Your reply must contain the lines from the one with "BAI MING Vibrations" through the last line of the material, exact and complete, with no pictures and no other text.

(The data Opens)

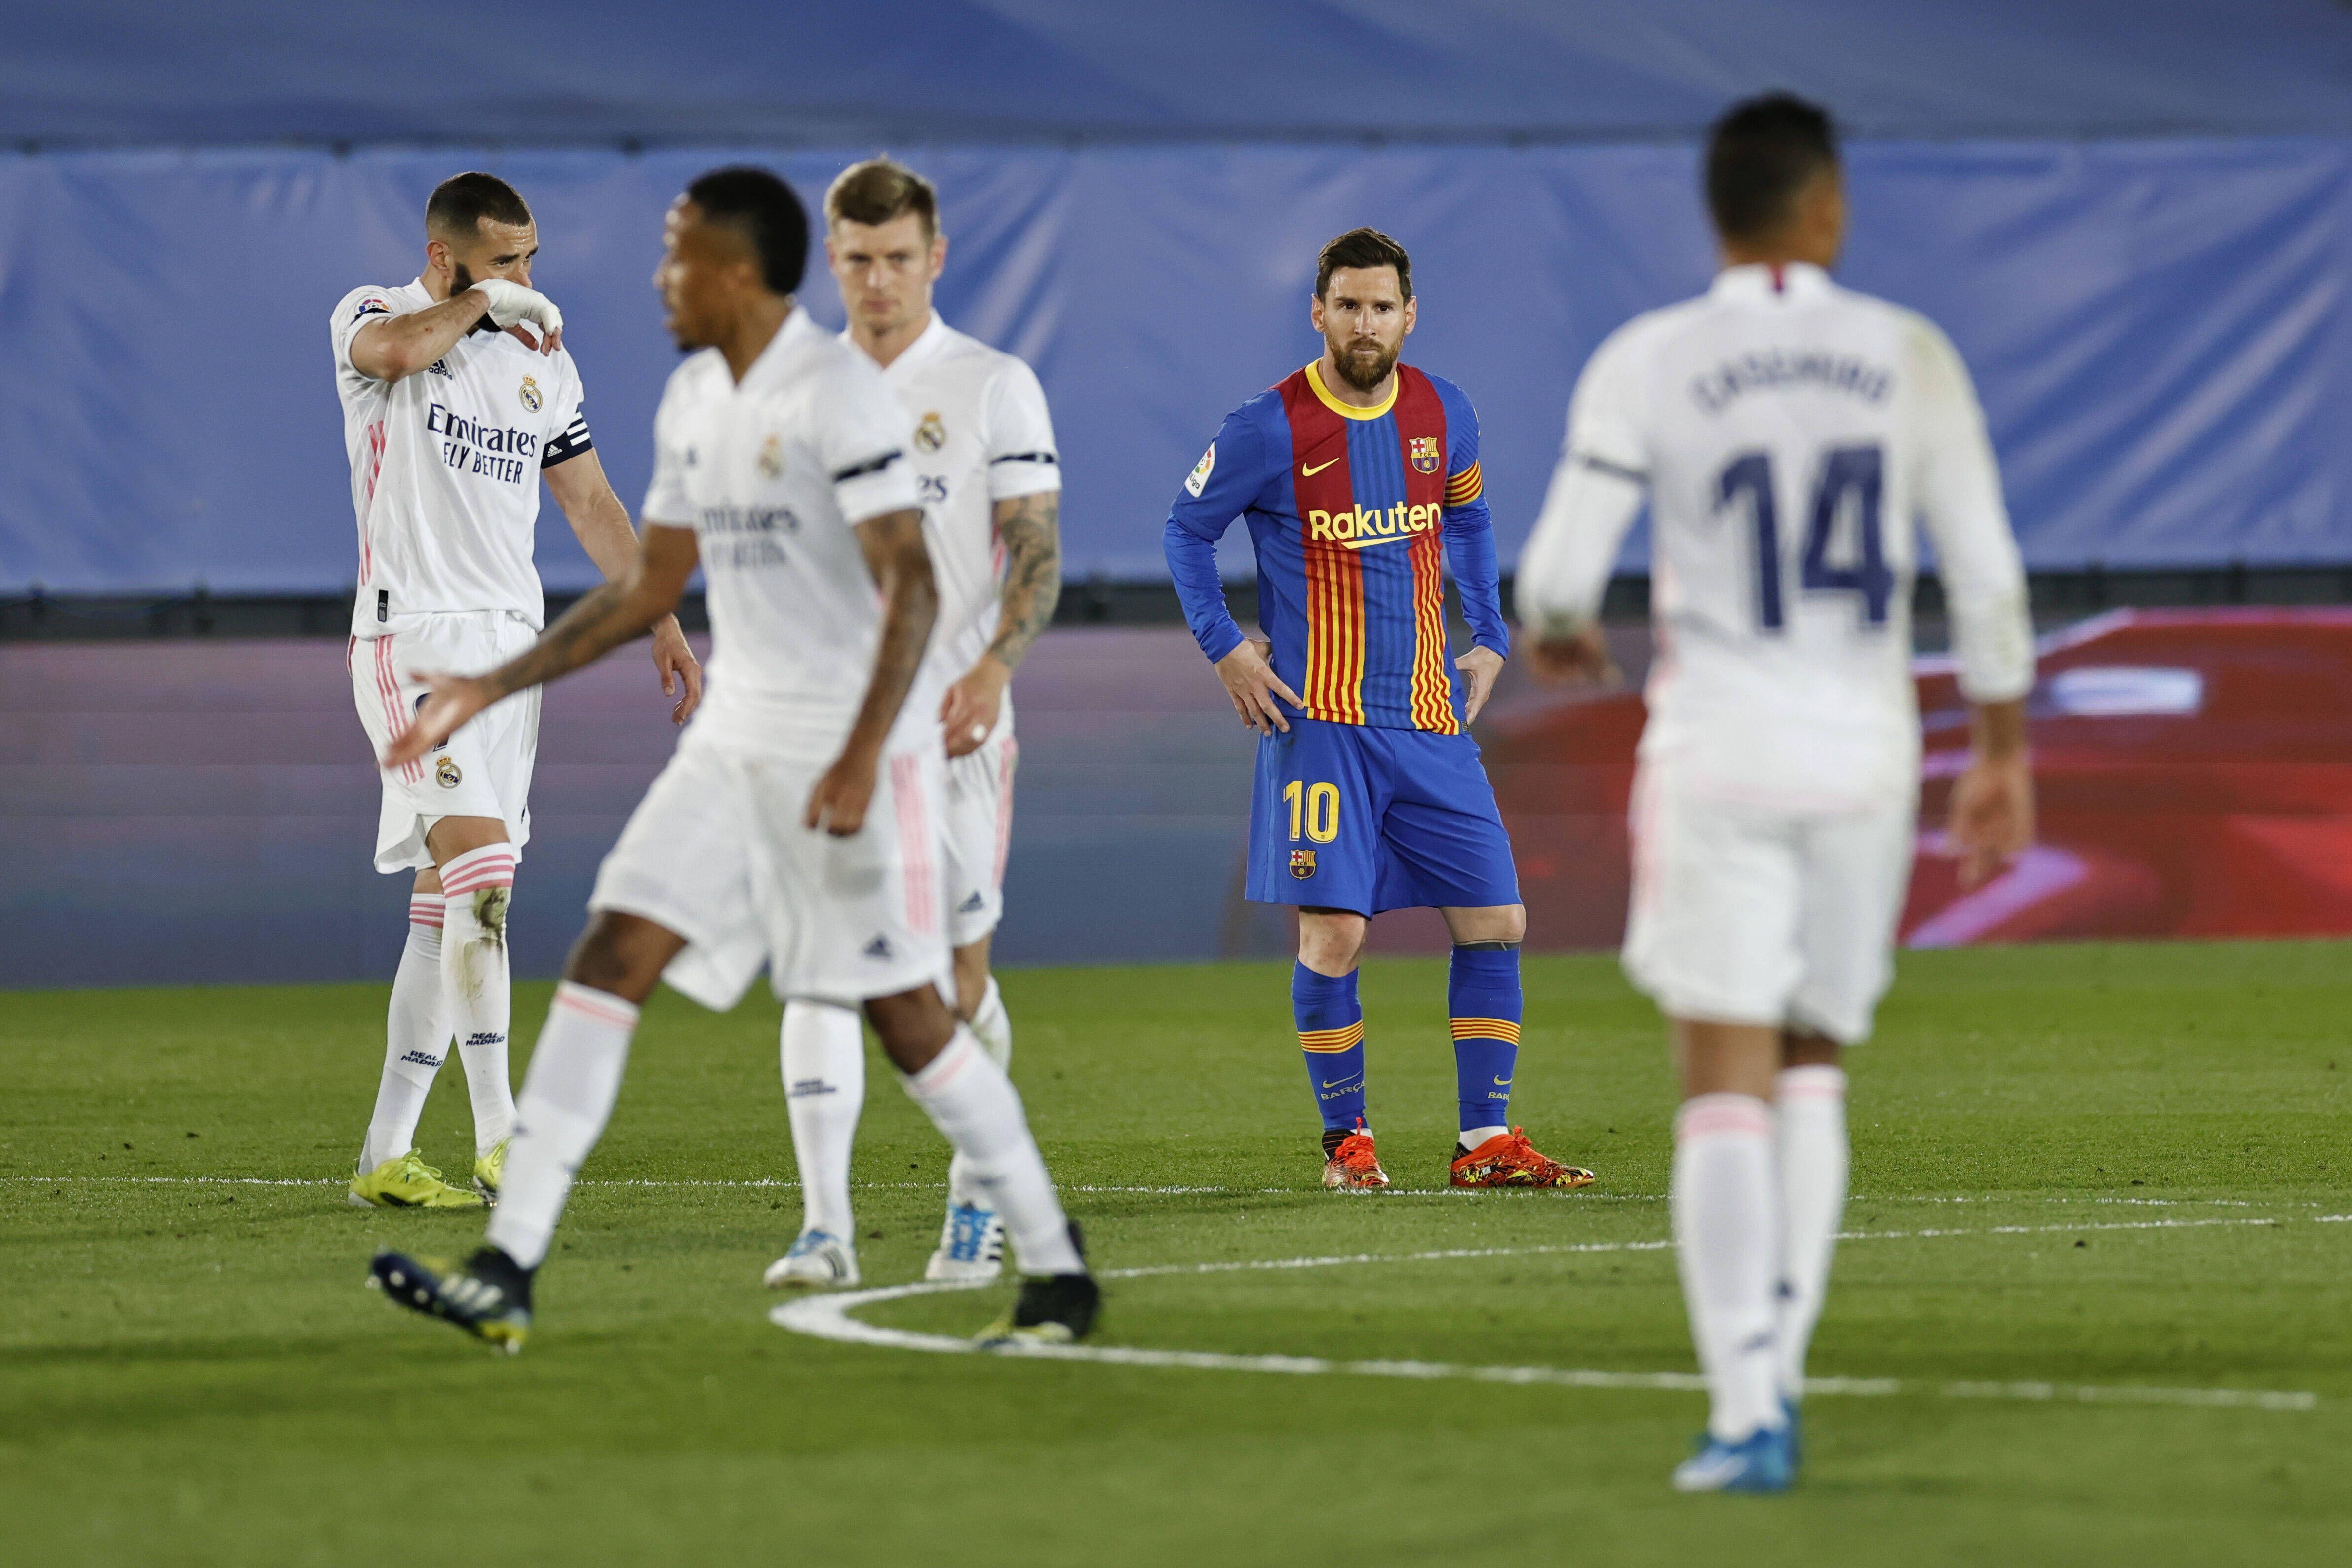 Как 'Реал' переиграл 'Барселону' в 'эль-класико' - 2:1: все голы матча. ВИДЕО
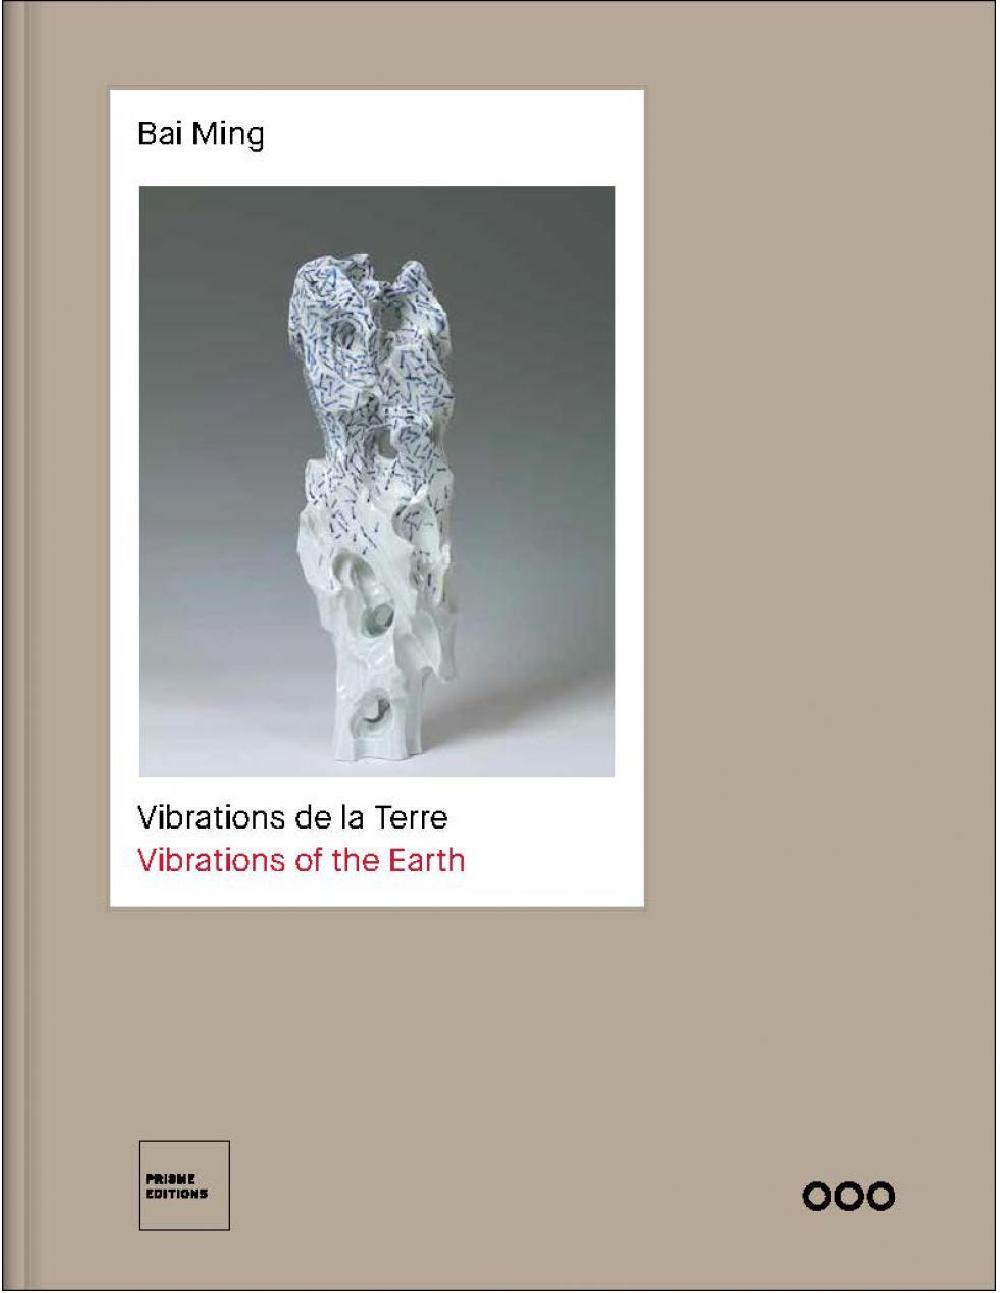 BAI MING Vibrations de la Terre - Vibrations of the Earth
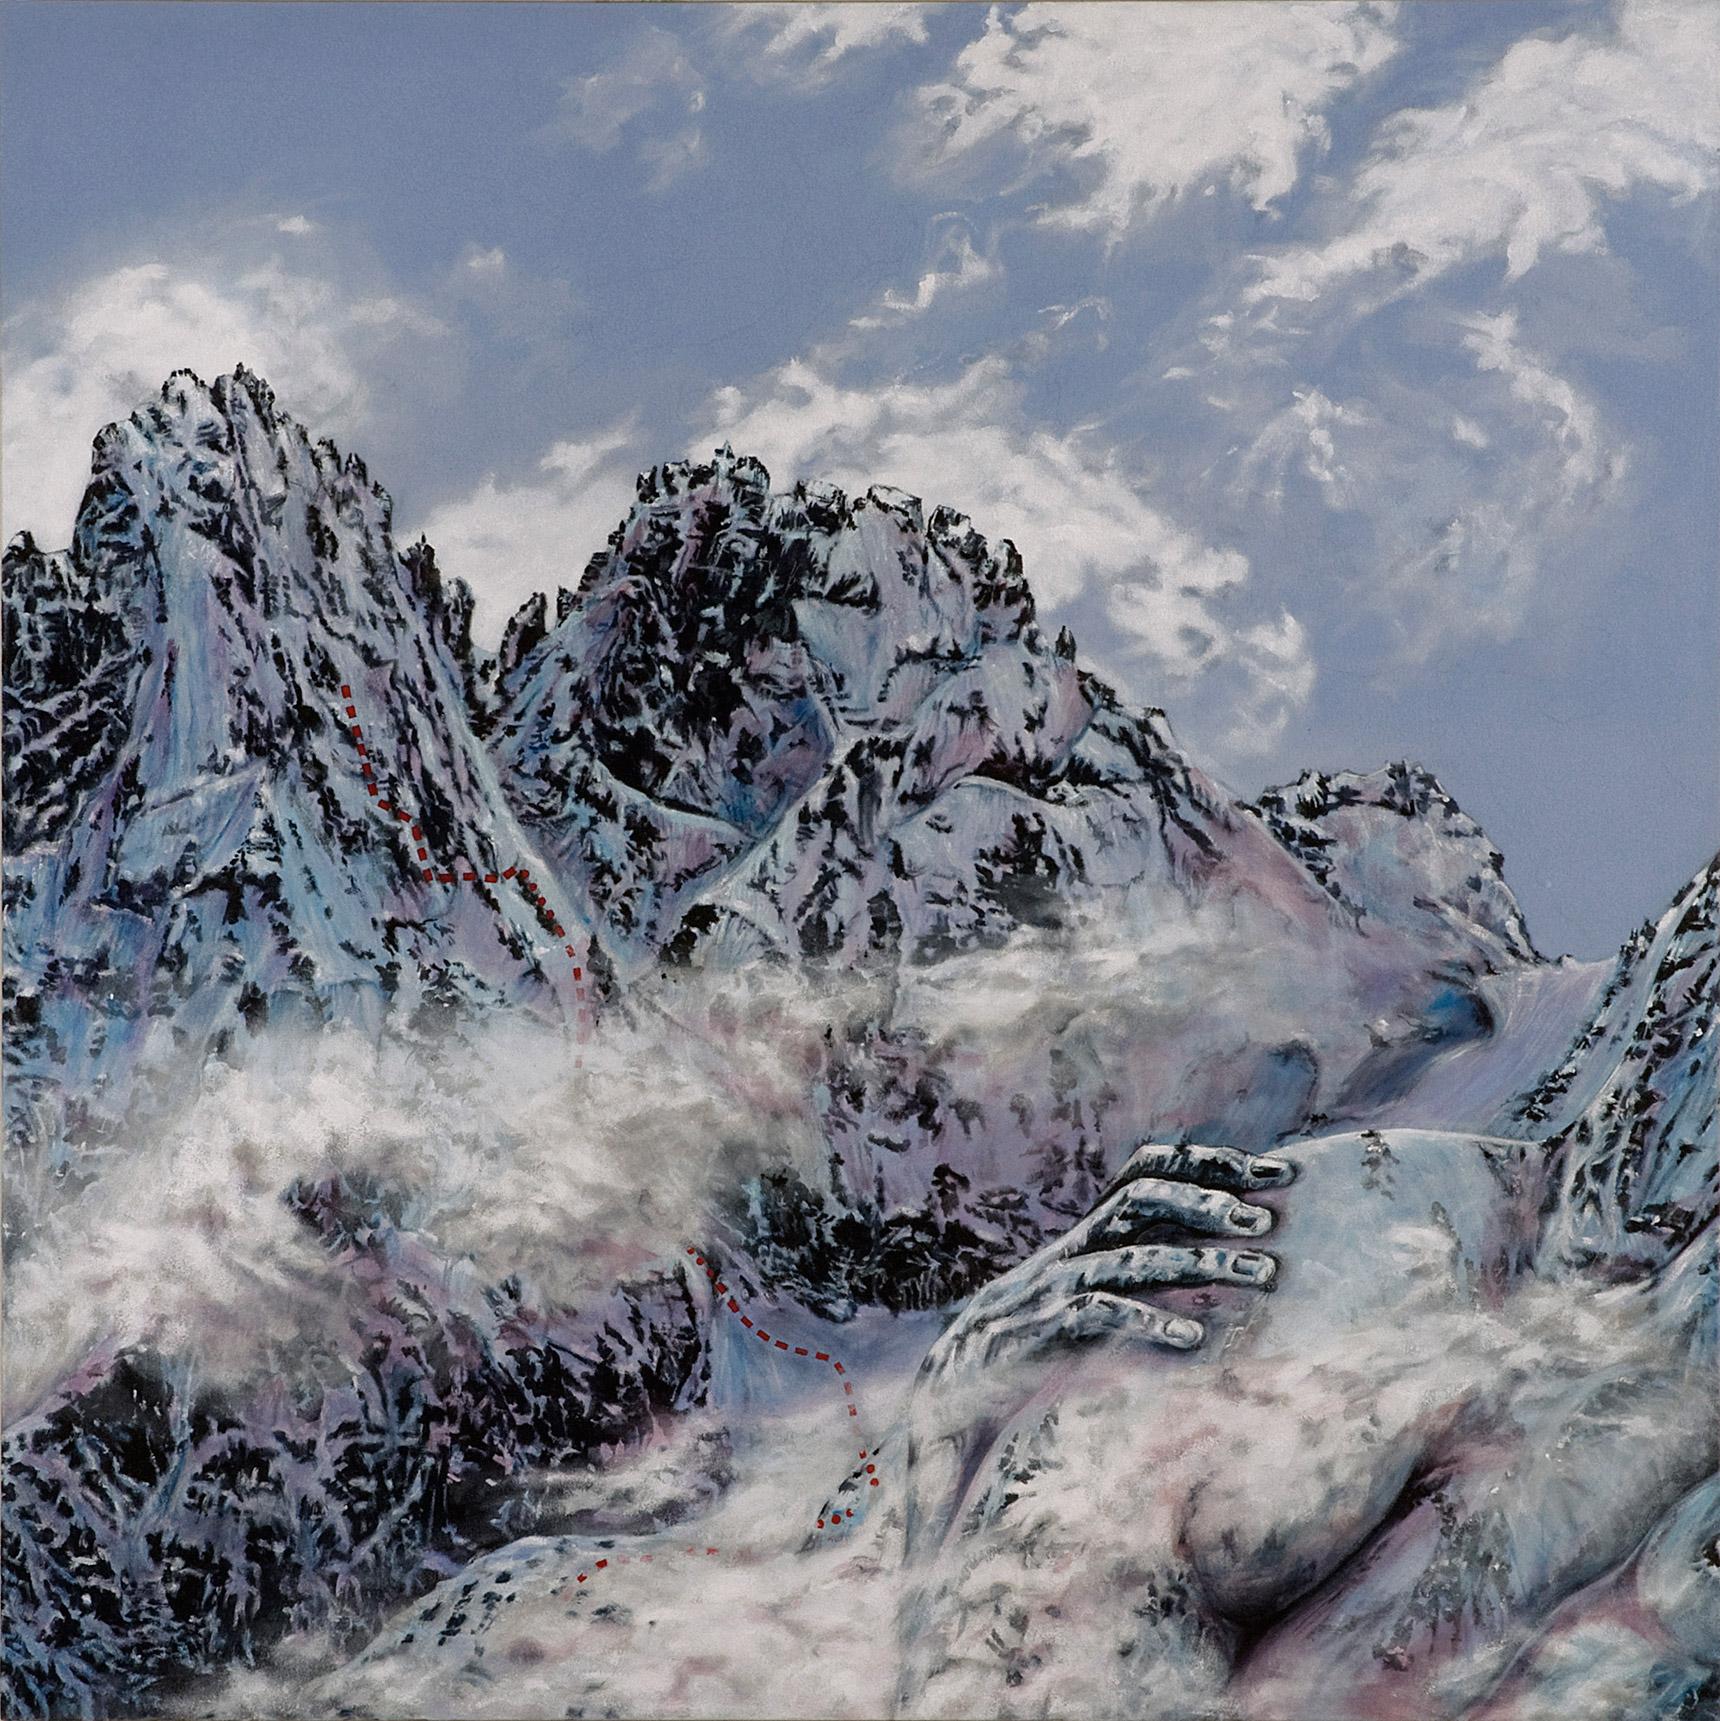 Peinture hyperréalisme Hervé Bernard : It is not Too Far Off

(The data Closes)

**Exercise response**
 BAI MING Vibrations de la Terre - Vibrations of the Earth
 Peinture hyperréalisme Hervé Bernard : It is not Too Far Off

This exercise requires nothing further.